First, let's import all the modules needed to run the file.

In [1]:
from preparingData import preparing_data # read data
from sklearn import preprocessing
from sklearn.model_selection import train_test_split
from math import sqrt # RMSE
from sklearn.metrics import mean_squared_error # error metric
from sklearn.model_selection import cross_val_score, cross_val_predict
import matplotlib.pyplot as plt
from sklearn.model_selection import KFold # import KFold
# model
from sklearn.tree import DecisionTreeRegressor


Now we use a script we created to pre-process data *(preparData)*, this step includes transforming non-numeric data and handling the outliers.
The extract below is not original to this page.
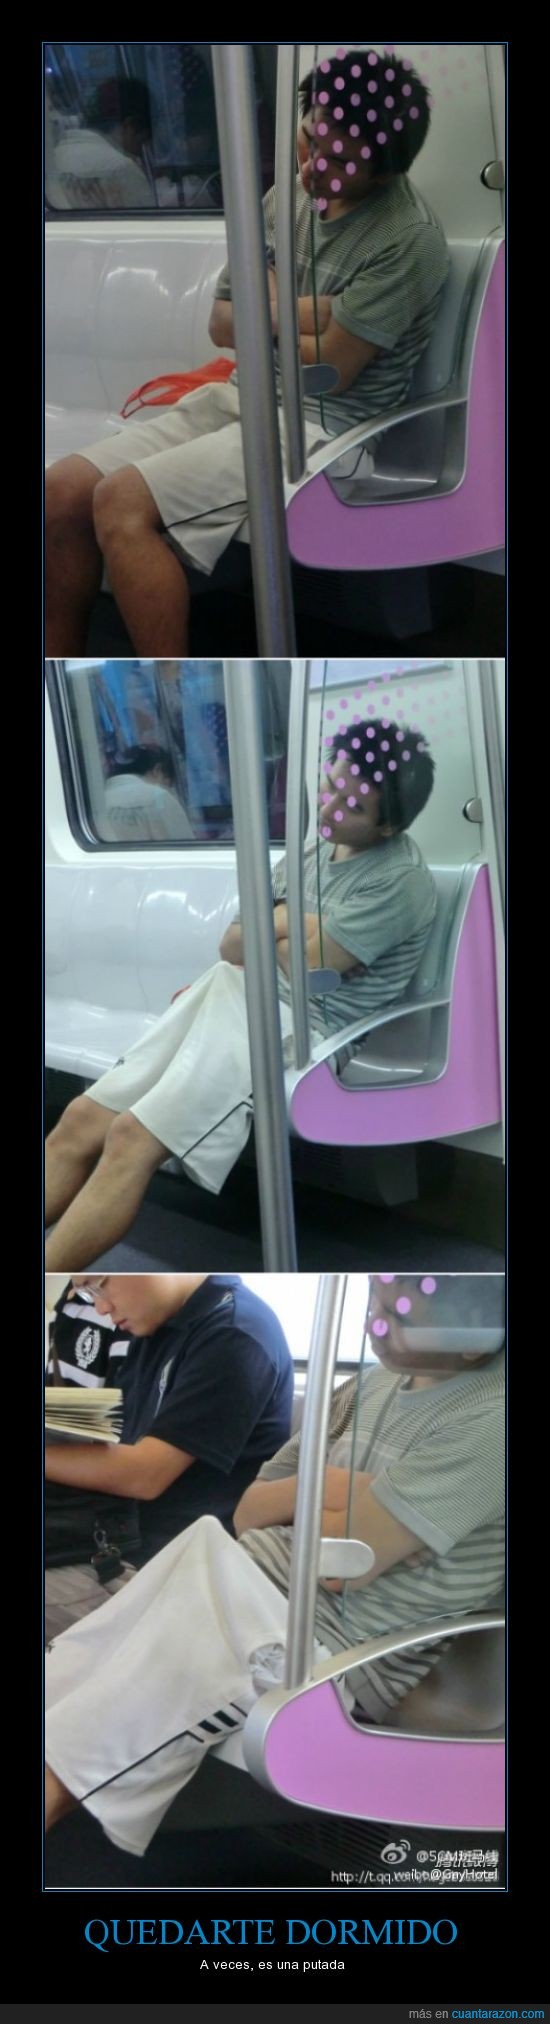 dormido,tio,tienda de campaña,chino,metro

In addition, we separated the test set (80%) and training (20%).

In [2]:
X,y=preparing_data()
X_scaled = preprocessing.scale(X)
X_train, X_test, y_train, y_test = train_test_split(X_scaled, y, test_size=0.2, random_state=42)

  


We use the function created below to calculate the mean square error.

In [3]:
def rmse(model, y, x):
    return sqrt(mean_squared_error(y, model.predict(x)))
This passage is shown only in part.